Definitely a great way to pass time, get clean and bond. When the baby is little it definitely helps to have another adult for extra hand and getting in and out but I suppose if you were prepared (having towels laid out and a bouncy chair or something next to the tub) you could do it alone.

We have a clawfoot tub and I'd say almost every other night I take a big 'ole bubble bath and both my boys (4 and 1) are diving in after me. It's a nice way to relax as they get older b/c they are confined to the bathtub.







!


----------



## Bookworm715 (Dec 31, 2008)

I'm not sure there is anything better than bathing with a squishy baby!









We started w/ DS when he was a few weeks old and with DD right from the beginning. It was a two-man job at first but you get the hang of it. Now DS, DD, and I take a bath before bedtime and it's a great way to wind down and have 'playtime' together (about the only thing they can do together since DD is only 9 days old!)

It's hard to explain exactly what positions work for us- it's something you just get the hang of when you do it. At first it feels a little scary (a big tub and a tiny baby!) but you will be happy you did it!

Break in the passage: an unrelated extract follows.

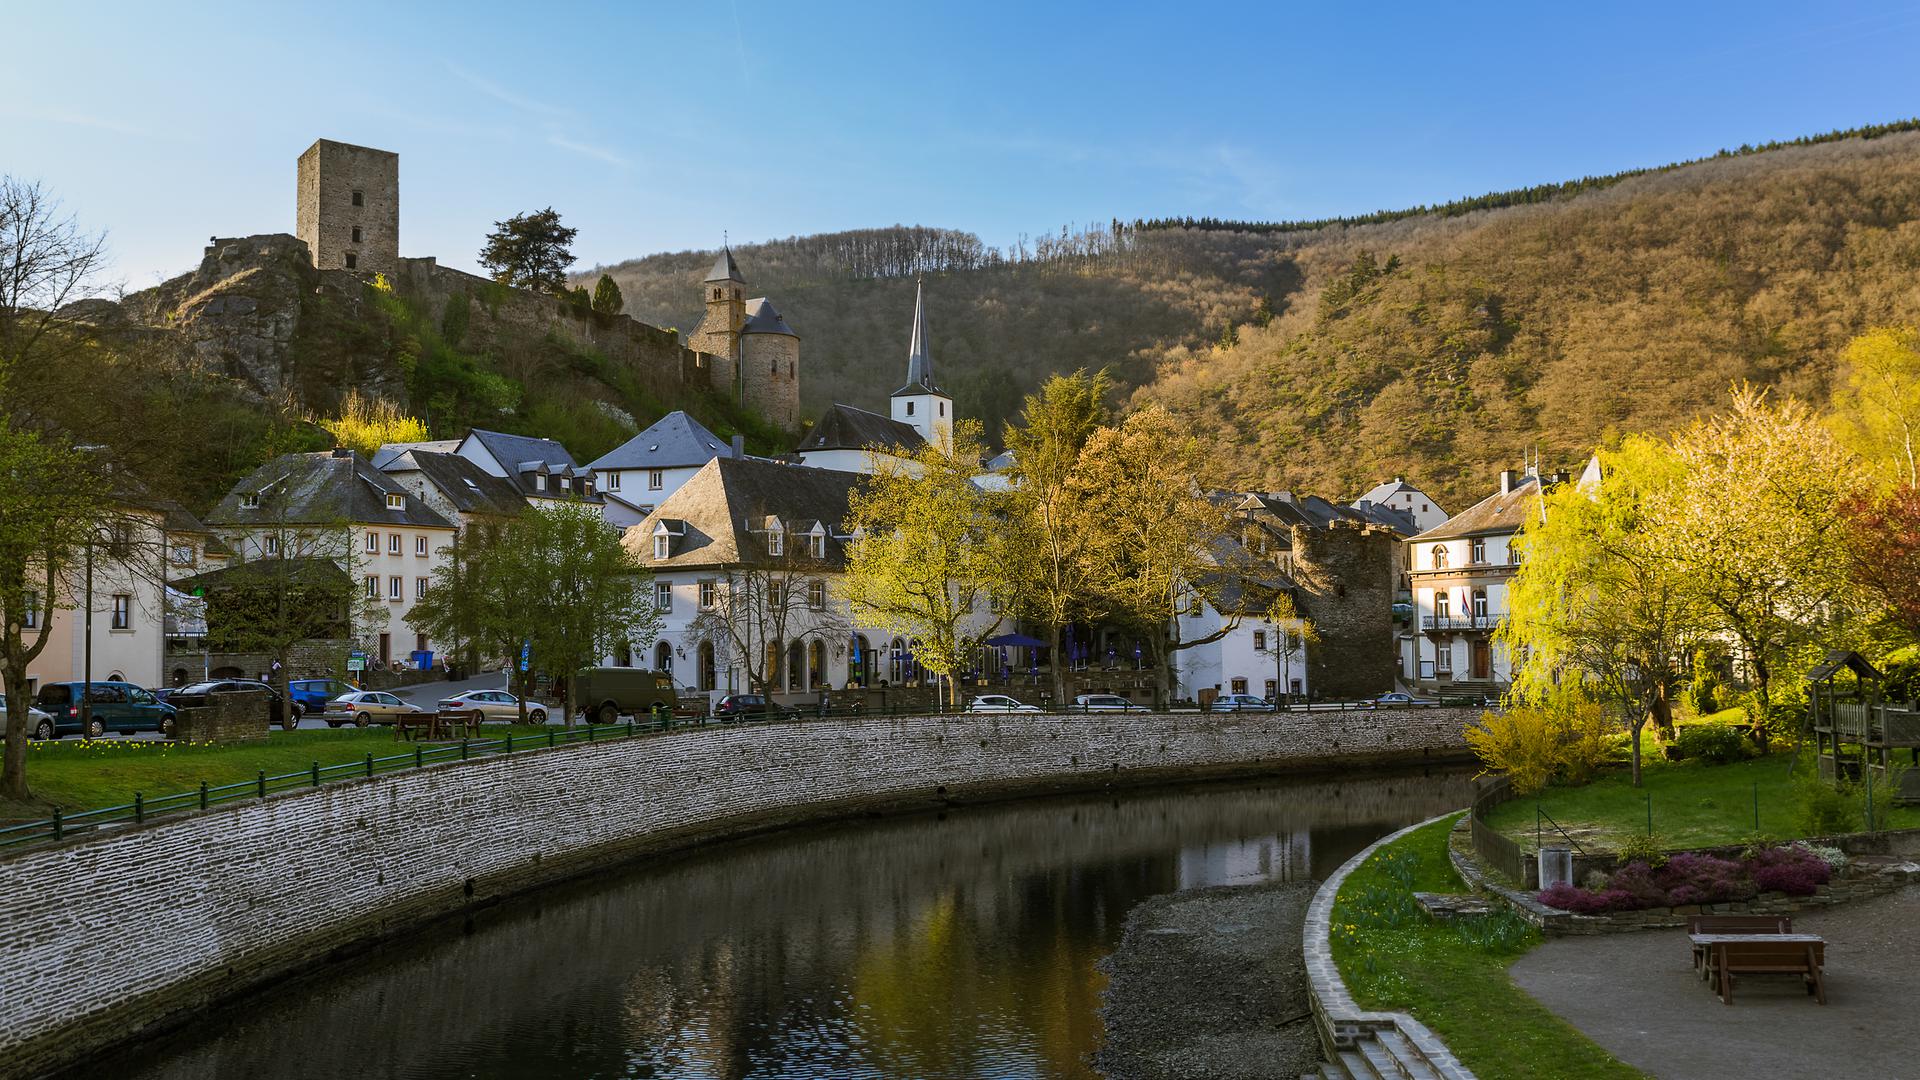 Esch-sur-Sûre and its neighbouring villages have plenty to offer the day tripper, from lakeside beaches and watersports to themed forest trails

Also, it's EXHAUSTING for a little one so they take a great nap afterwards!!


----------



## guest9955 (Dec 23, 2008)

we co bath and co shower with our dd since she was about a month old. Withs something we really look forward to and enjoy. she plays, we relax, what could be better









sorry so short- nursing


----------



## nolonger (Jan 18, 2006)

I think I bathed dd in a sink once...or maybe somebody else bathed her and she didn't like that so I never let it happen again.

All the others I've taken in the bath with me from the beginning; it's the only way mama and baby can both stay clean and it's a lot of fun.

I sort of lean the baby back against my thighs, adjusting the angle for the age and comfort of the baby, and looking into his/her eyes.

The current baby took awhile to warm up to bathing, so at first I kept the water level fairly low and just showed him what it was like with the stream and the washcloth until he was ready to splash around, He loves bathing now, but often falls asleep in the tub.


----------



## sharon.gmc (Nov 17, 2008)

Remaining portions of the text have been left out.